*** Source material Section Begins ***

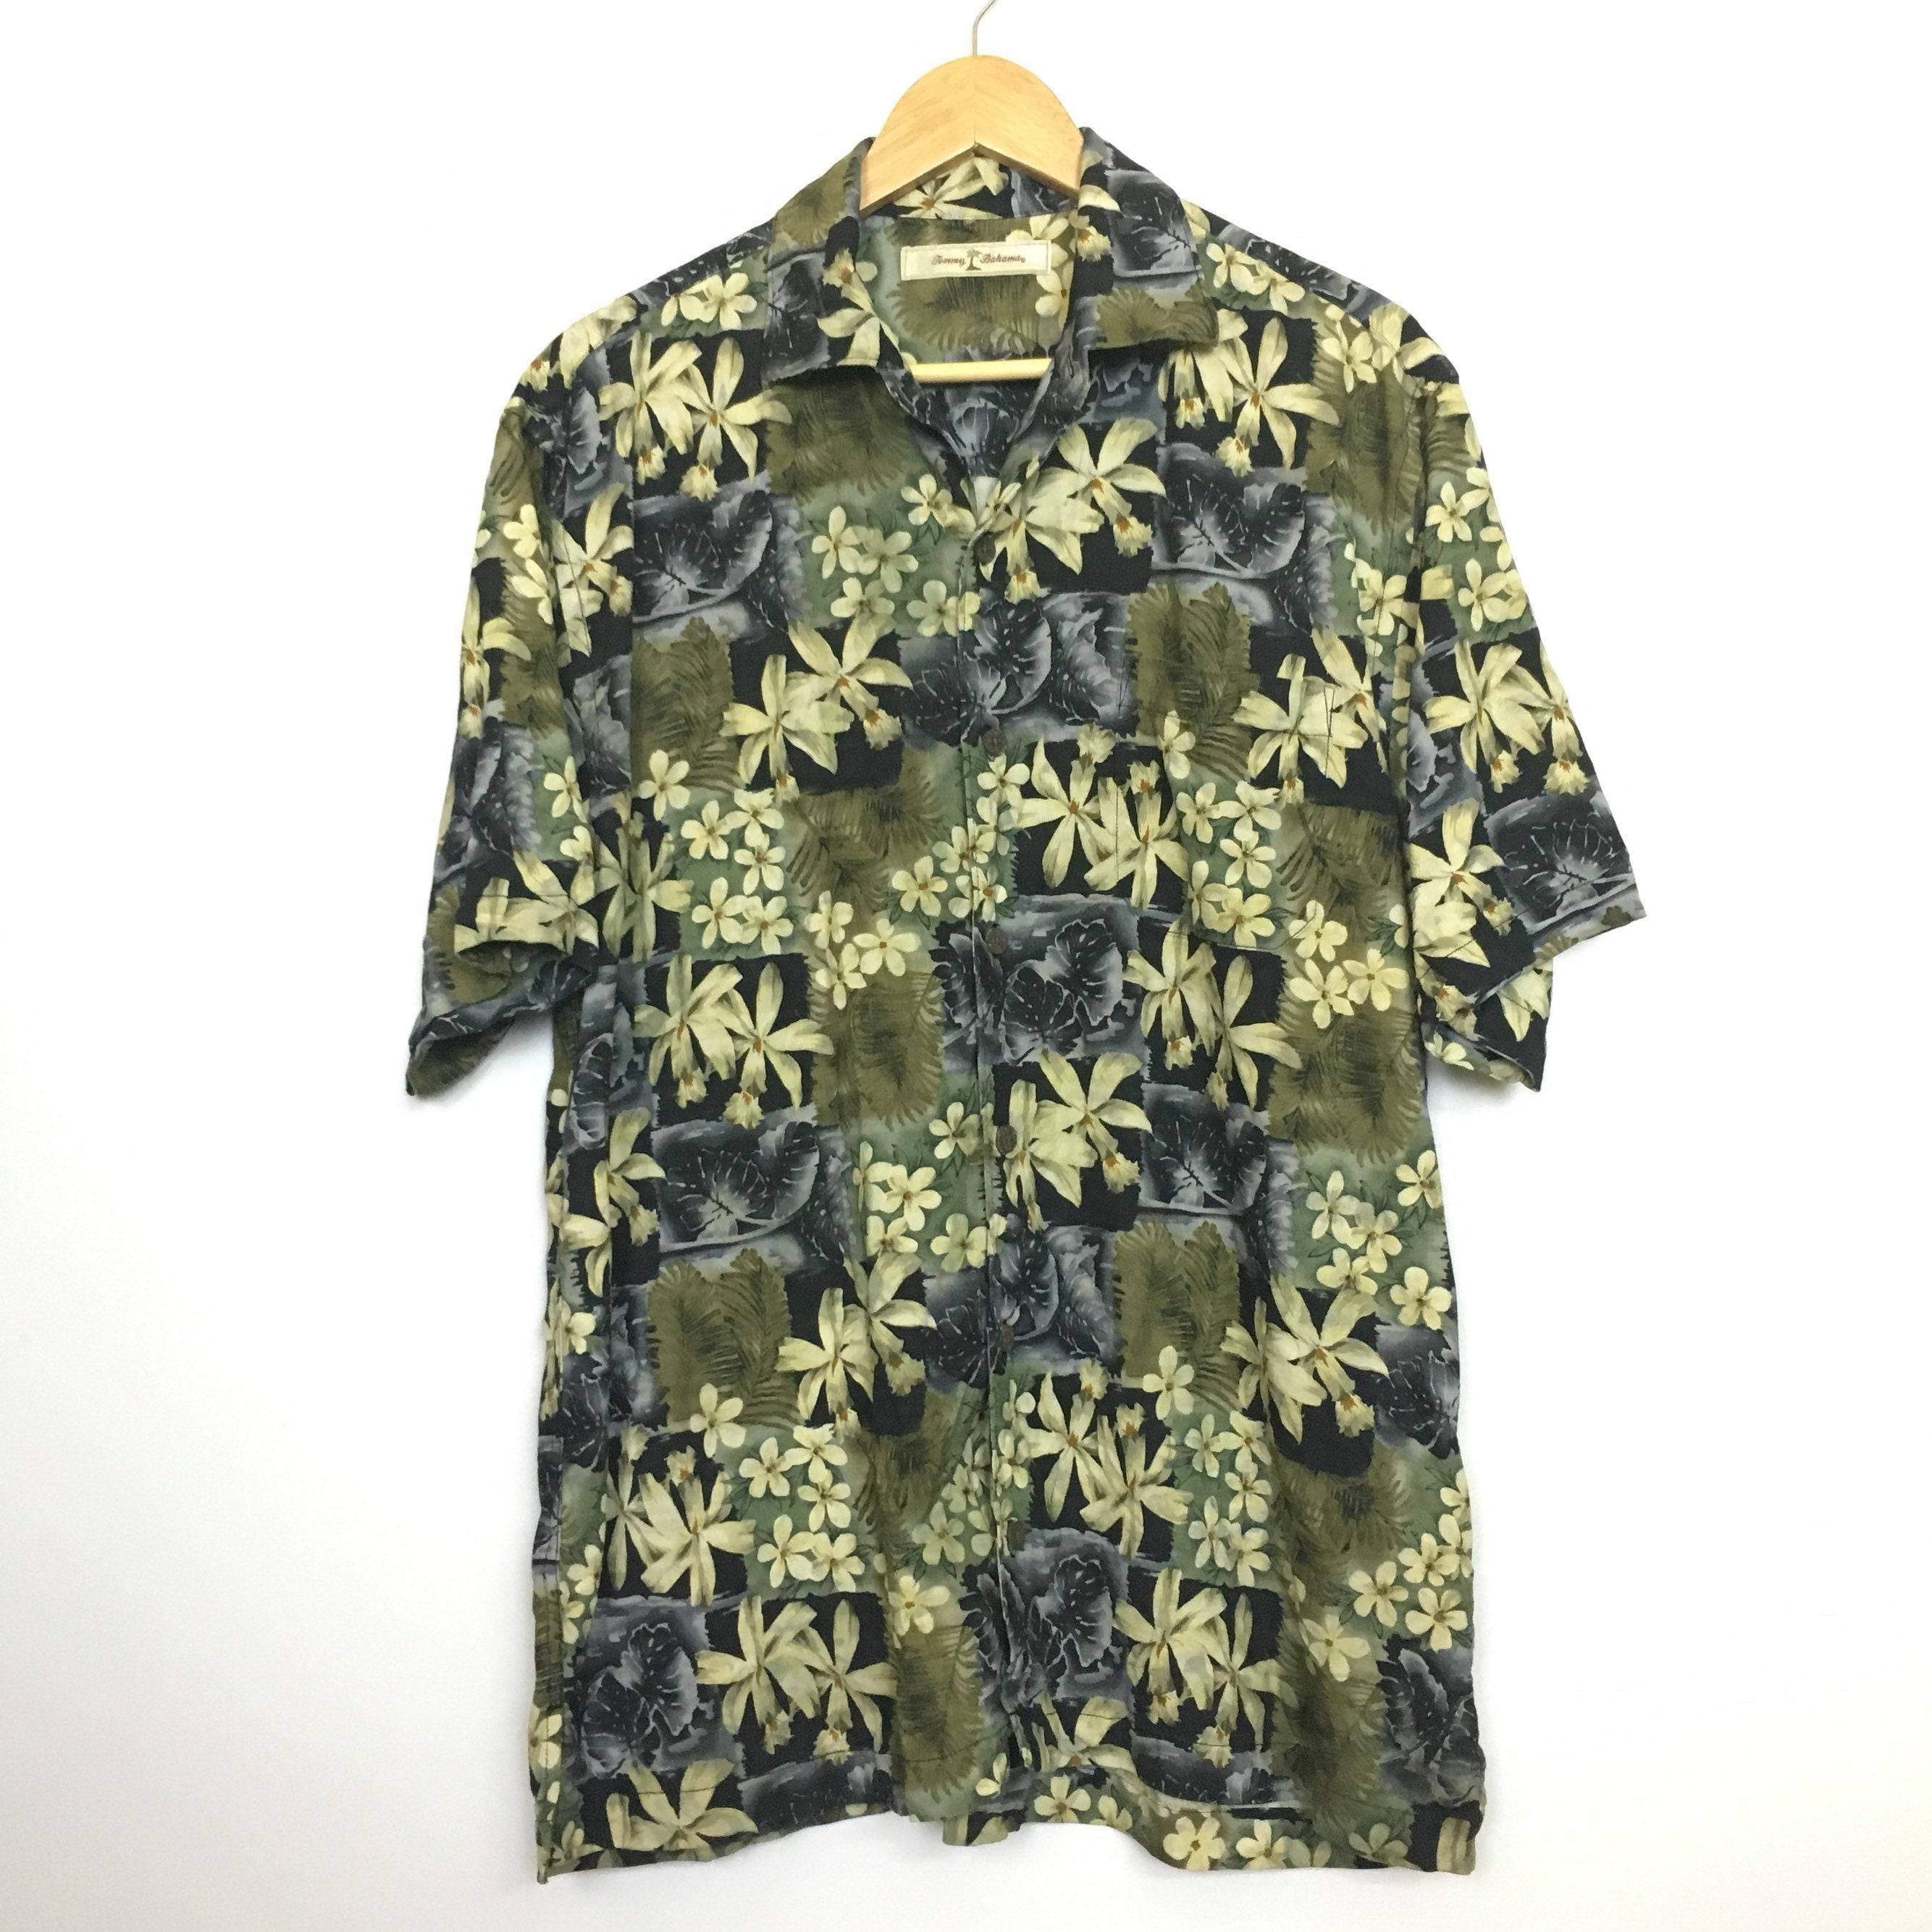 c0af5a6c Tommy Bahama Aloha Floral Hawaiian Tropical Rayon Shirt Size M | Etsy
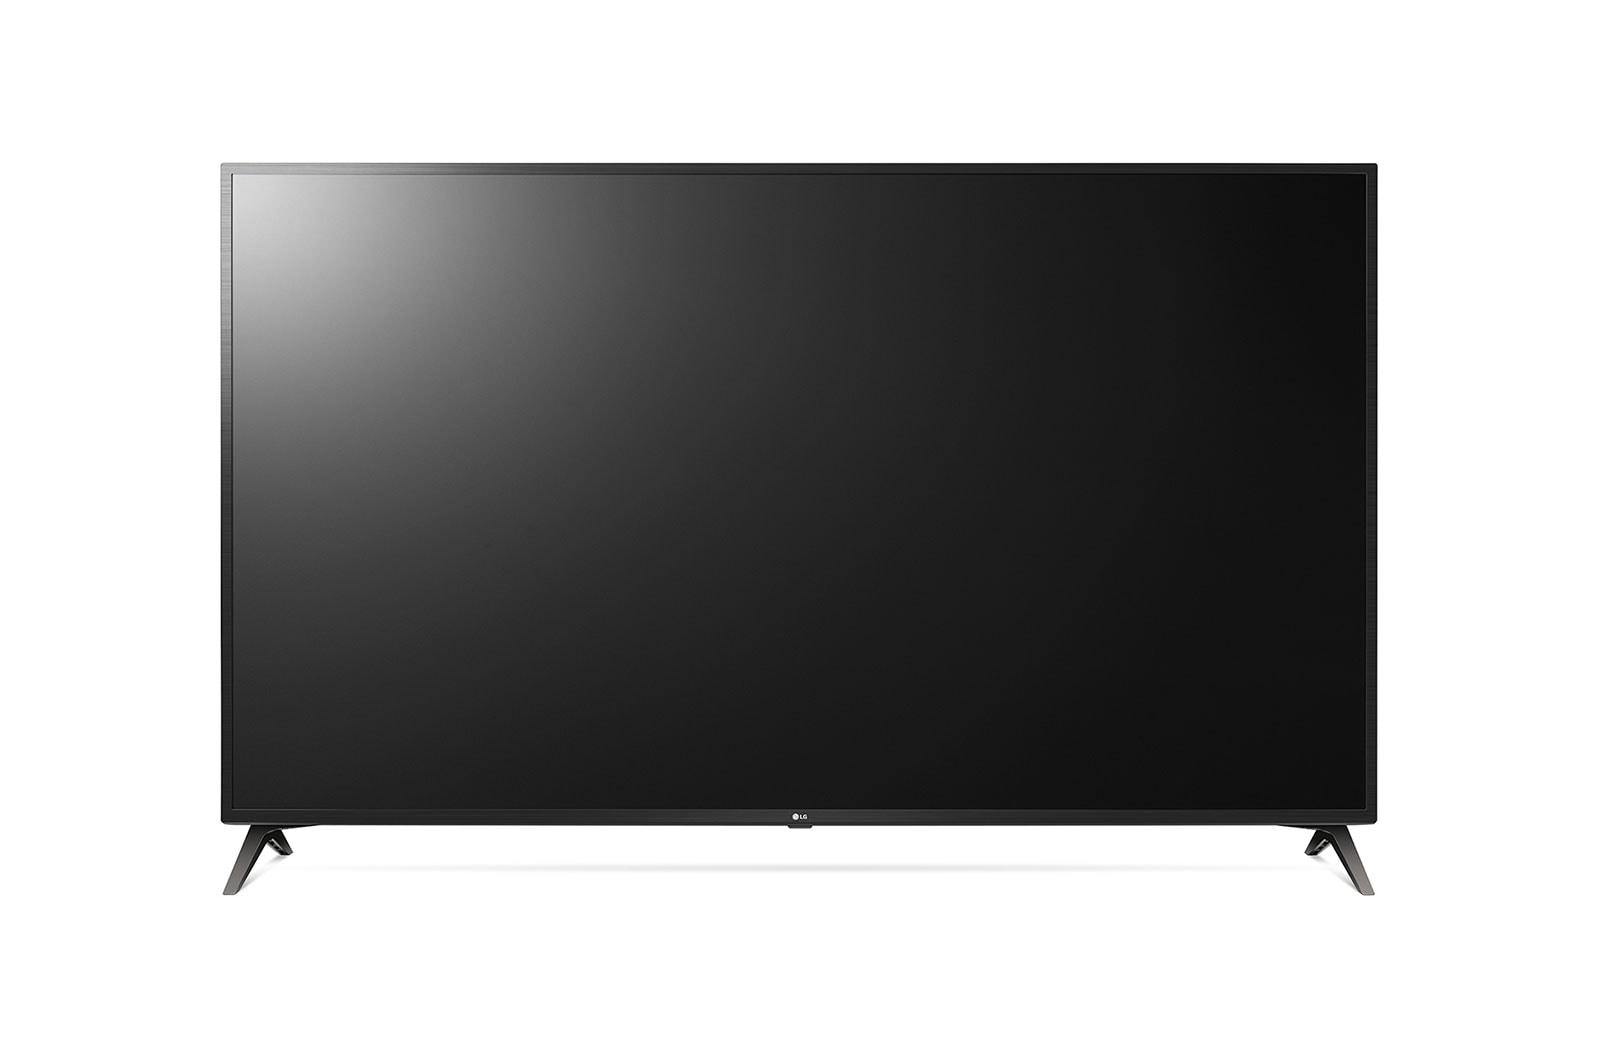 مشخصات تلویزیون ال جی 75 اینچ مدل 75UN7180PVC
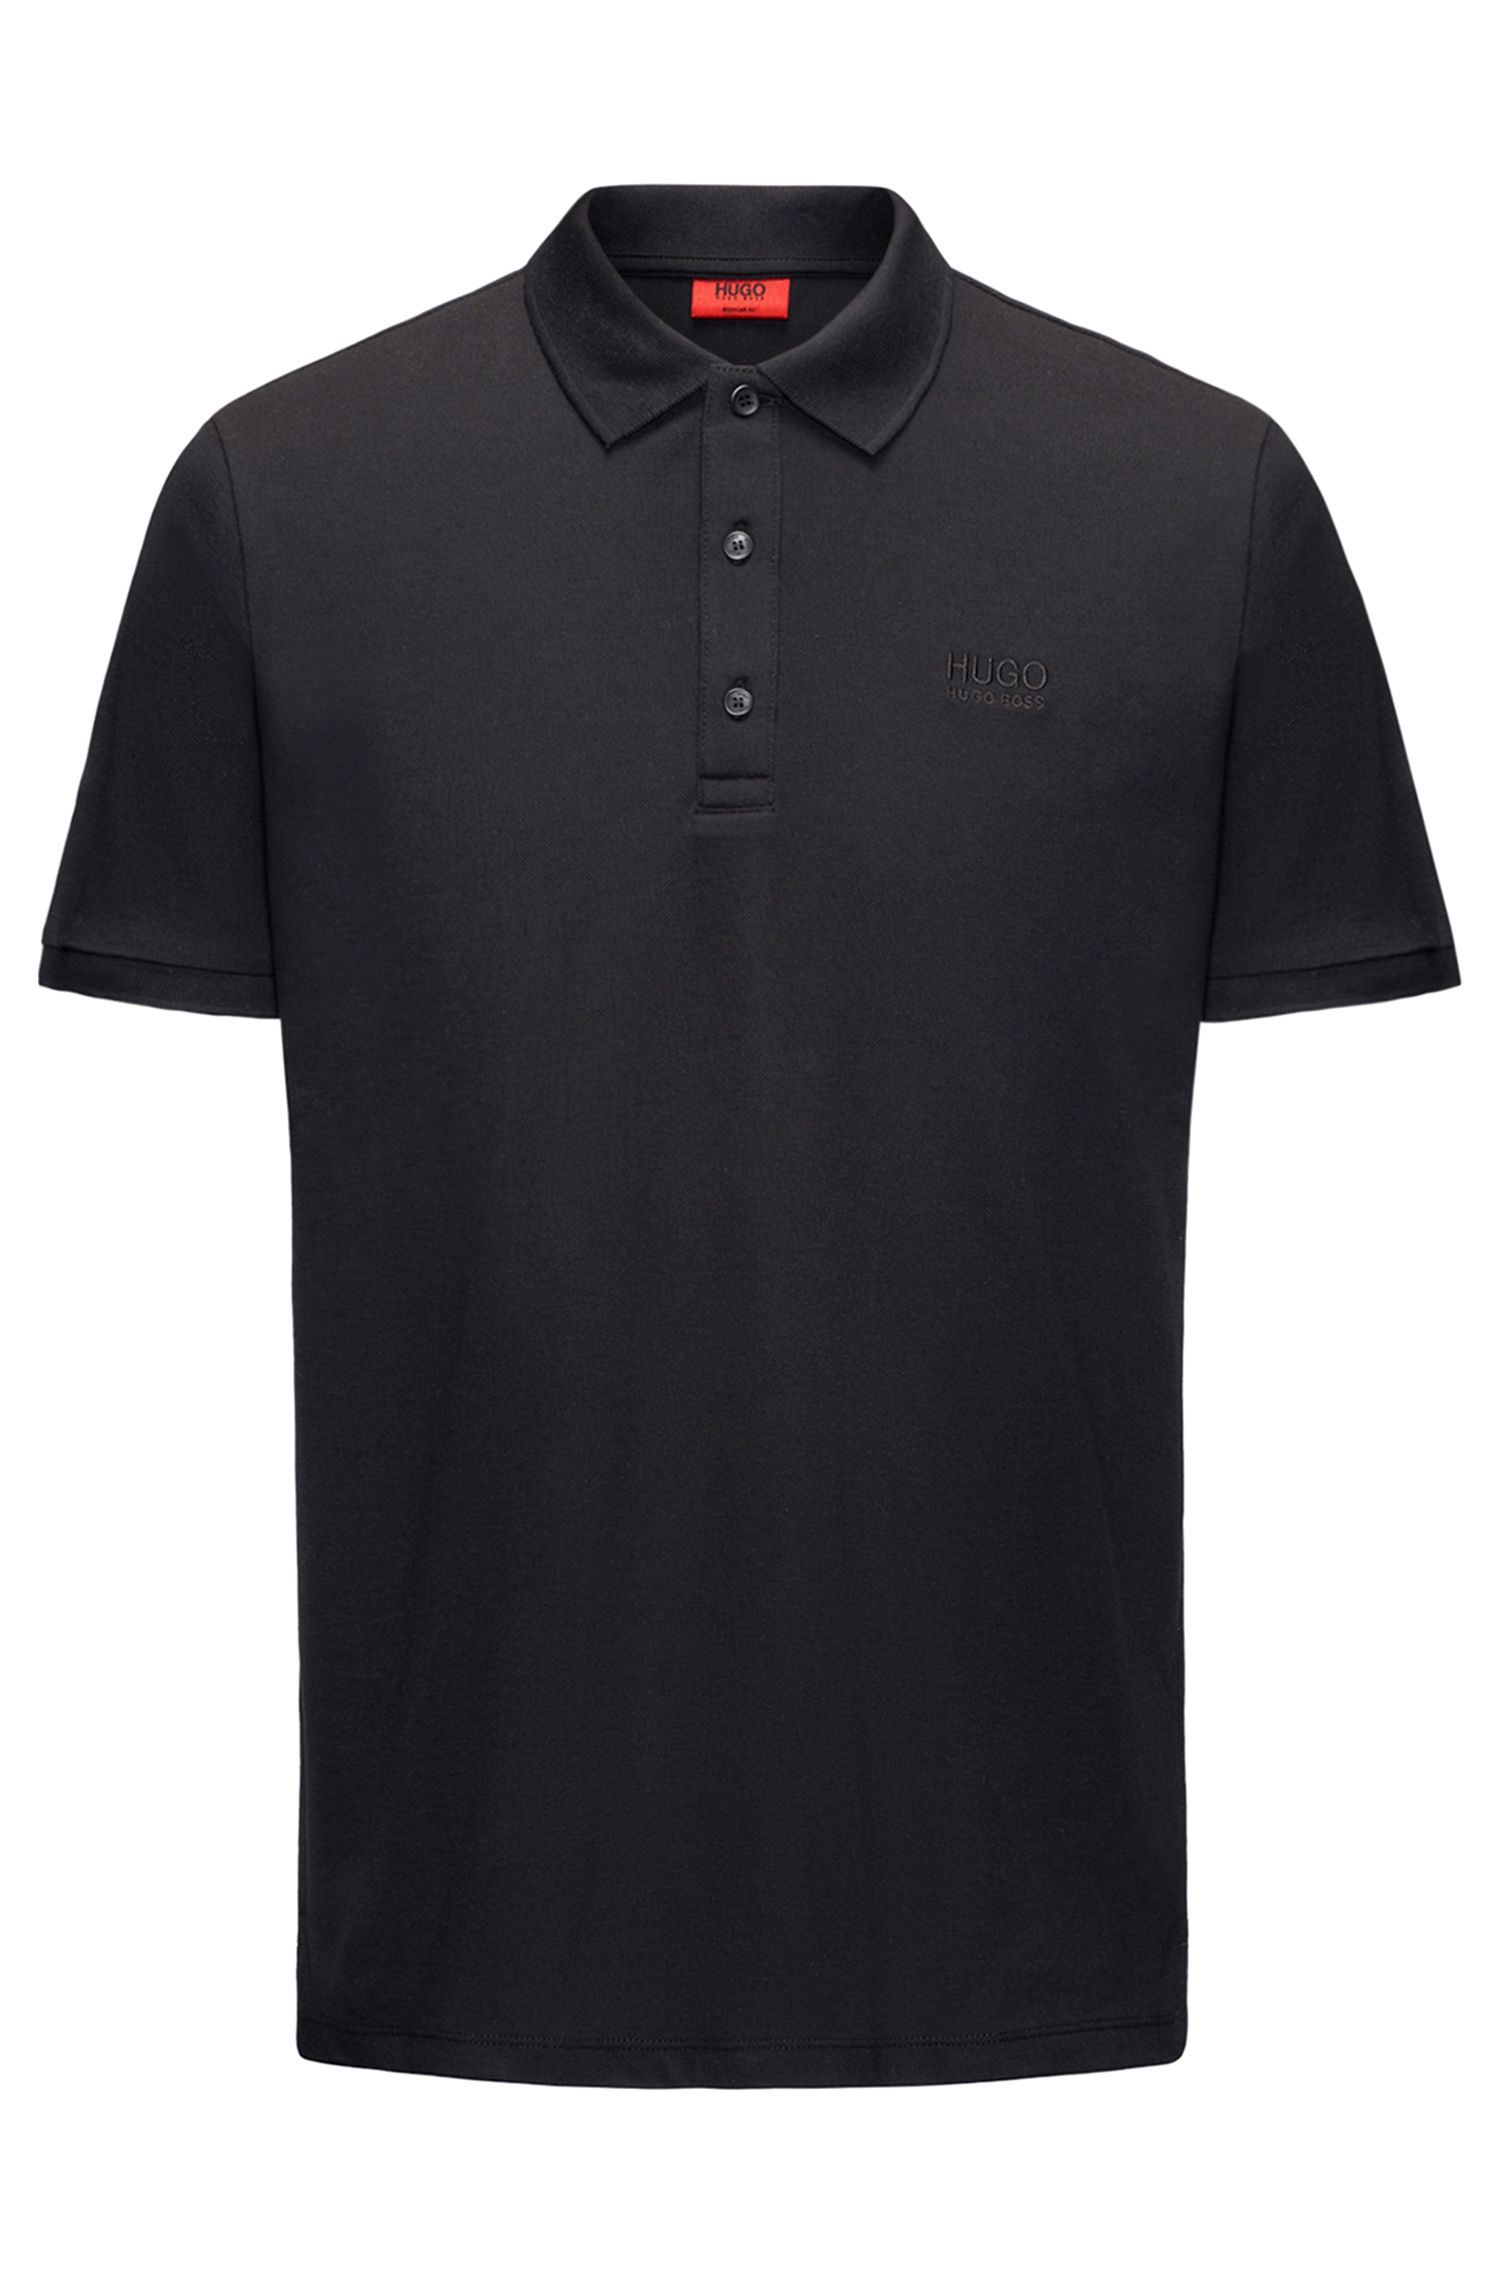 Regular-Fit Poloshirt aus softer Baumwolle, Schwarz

*** Source material Section Ends ***

### Exercise instructions:
Ignoring the pictures, write out word for word only the lines from the one containing "مشخصات تلویزیون ال" through the last line of the data, both ends included.

### Response area:
 مشخصات تلویزیون ال جی 75 اینچ مدل 75UN7180PVC
 Regular-Fit Poloshirt aus softer Baumwolle, Schwarz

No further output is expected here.